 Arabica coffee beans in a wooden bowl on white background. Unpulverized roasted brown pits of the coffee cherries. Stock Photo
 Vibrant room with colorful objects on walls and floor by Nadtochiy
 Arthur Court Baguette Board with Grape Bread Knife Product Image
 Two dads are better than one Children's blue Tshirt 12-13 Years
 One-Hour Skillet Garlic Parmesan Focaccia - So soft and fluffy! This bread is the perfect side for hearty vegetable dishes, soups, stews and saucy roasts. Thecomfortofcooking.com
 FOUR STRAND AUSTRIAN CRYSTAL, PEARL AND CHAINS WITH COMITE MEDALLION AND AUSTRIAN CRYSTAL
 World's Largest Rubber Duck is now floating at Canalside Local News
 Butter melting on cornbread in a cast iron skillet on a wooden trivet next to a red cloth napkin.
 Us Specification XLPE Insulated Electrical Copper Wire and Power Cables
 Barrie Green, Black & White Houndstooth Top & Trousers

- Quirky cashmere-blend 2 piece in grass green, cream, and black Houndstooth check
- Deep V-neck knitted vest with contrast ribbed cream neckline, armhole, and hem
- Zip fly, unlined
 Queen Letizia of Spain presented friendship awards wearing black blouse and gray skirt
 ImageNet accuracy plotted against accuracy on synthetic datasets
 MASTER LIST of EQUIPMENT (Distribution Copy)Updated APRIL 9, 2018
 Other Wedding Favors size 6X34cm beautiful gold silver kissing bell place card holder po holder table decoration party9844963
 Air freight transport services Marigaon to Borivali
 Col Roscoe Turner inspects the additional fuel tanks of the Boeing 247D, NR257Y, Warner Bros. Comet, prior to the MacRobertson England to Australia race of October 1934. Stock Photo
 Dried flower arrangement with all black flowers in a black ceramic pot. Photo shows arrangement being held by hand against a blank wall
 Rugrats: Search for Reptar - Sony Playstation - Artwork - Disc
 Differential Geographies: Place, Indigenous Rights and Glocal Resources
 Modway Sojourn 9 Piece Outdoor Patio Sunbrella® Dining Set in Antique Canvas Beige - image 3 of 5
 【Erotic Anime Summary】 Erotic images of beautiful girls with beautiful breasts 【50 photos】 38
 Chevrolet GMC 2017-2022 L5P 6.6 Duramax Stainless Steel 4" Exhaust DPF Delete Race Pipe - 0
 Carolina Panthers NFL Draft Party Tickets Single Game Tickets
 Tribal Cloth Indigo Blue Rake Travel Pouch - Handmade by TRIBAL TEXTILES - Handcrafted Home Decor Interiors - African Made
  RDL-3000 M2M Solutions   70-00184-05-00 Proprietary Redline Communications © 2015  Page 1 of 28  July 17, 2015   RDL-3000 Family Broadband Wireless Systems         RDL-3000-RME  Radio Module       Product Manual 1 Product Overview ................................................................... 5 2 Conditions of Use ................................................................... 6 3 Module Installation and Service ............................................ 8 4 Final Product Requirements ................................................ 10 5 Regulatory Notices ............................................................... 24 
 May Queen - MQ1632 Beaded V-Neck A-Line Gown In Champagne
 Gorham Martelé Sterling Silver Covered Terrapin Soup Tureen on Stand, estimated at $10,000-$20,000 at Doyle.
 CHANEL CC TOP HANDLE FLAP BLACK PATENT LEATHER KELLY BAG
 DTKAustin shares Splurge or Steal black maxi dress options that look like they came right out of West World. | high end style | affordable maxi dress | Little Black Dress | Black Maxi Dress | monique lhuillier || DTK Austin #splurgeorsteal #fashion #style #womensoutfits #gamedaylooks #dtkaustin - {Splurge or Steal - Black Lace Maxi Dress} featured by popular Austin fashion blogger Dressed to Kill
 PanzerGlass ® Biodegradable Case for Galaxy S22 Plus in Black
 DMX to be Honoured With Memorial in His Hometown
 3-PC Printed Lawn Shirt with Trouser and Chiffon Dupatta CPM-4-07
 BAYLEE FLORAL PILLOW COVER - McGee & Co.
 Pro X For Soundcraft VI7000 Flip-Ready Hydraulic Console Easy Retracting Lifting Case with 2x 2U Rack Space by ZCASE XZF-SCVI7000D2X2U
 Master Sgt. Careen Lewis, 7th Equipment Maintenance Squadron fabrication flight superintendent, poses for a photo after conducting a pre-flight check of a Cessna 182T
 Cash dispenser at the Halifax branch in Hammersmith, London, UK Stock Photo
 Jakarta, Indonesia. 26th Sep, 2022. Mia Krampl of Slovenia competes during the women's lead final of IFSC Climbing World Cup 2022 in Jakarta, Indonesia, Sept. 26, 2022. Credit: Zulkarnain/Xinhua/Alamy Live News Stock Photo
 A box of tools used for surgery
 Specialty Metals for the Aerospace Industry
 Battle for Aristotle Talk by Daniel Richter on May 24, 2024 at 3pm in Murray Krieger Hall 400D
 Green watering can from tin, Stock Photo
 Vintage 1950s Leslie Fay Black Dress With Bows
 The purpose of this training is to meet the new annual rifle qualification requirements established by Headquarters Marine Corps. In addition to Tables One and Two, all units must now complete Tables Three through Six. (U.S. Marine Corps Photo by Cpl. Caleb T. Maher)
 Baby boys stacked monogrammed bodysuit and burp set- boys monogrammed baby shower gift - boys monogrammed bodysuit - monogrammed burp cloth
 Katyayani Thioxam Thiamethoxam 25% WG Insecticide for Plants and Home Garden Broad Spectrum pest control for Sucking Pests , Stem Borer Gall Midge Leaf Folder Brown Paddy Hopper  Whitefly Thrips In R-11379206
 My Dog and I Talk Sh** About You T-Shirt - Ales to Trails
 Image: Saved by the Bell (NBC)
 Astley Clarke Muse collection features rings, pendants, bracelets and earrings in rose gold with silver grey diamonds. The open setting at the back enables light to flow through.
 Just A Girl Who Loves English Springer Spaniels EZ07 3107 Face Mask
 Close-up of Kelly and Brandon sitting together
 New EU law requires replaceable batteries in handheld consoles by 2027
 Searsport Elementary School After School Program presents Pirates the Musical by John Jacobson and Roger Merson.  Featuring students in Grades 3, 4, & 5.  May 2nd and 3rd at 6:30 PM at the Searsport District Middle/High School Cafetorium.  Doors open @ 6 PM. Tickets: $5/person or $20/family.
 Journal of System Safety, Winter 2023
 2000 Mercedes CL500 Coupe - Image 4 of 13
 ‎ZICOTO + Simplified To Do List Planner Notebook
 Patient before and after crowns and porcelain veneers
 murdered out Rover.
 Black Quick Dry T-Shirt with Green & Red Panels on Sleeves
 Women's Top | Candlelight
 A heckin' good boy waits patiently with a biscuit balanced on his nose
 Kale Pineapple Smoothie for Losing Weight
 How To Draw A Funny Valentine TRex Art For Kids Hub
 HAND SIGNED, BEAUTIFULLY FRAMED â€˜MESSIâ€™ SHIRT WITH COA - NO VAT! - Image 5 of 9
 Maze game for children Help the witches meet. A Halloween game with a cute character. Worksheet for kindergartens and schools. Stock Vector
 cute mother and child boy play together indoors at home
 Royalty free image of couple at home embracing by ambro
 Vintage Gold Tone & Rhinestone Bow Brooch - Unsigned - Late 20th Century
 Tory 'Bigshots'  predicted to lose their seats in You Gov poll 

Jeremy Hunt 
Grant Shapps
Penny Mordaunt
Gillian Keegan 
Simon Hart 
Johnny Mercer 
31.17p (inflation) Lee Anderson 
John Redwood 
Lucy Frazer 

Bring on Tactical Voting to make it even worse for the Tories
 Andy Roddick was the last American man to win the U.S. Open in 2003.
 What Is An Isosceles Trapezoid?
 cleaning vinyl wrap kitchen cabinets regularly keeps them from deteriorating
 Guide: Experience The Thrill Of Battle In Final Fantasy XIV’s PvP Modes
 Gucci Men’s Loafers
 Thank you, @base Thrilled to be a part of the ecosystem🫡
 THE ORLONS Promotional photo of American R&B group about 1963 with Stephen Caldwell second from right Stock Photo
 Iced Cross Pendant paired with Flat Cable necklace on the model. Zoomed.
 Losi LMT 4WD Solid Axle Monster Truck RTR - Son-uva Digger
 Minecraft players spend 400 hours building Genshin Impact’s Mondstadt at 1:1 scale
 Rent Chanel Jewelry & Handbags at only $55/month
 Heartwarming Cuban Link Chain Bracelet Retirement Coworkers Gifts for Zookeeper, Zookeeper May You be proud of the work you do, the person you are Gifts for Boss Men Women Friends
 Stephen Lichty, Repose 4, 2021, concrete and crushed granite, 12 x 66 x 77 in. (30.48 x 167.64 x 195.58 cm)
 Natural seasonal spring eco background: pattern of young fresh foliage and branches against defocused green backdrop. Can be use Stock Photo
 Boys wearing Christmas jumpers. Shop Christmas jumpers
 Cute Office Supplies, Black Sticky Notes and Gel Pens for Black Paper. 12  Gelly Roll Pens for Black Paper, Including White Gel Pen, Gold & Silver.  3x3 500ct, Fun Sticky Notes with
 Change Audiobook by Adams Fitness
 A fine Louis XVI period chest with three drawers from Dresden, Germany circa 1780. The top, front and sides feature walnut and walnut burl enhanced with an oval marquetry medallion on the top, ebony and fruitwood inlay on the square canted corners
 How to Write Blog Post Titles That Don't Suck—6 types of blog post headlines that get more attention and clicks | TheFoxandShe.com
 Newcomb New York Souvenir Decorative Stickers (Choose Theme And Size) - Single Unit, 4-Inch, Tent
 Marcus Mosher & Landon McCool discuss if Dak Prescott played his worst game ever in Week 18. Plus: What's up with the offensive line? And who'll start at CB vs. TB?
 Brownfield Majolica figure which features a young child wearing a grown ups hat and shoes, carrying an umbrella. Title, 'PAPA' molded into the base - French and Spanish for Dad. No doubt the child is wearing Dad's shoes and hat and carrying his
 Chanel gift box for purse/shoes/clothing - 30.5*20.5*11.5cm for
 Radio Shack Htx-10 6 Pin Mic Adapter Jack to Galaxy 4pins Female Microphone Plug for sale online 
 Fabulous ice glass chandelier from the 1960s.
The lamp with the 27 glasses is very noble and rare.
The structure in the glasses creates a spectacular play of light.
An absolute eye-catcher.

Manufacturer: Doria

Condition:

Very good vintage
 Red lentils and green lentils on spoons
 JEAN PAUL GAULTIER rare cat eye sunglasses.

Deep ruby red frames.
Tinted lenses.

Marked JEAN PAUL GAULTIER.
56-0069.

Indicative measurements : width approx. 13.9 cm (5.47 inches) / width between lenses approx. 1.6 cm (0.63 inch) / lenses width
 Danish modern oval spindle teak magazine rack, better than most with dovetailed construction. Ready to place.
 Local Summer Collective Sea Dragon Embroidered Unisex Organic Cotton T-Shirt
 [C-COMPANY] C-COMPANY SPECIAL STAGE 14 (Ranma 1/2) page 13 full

────────────────

What is needed: Go through the data line by line and work out how many lines contain "rare". Give only that number.

Output for this exercise: 2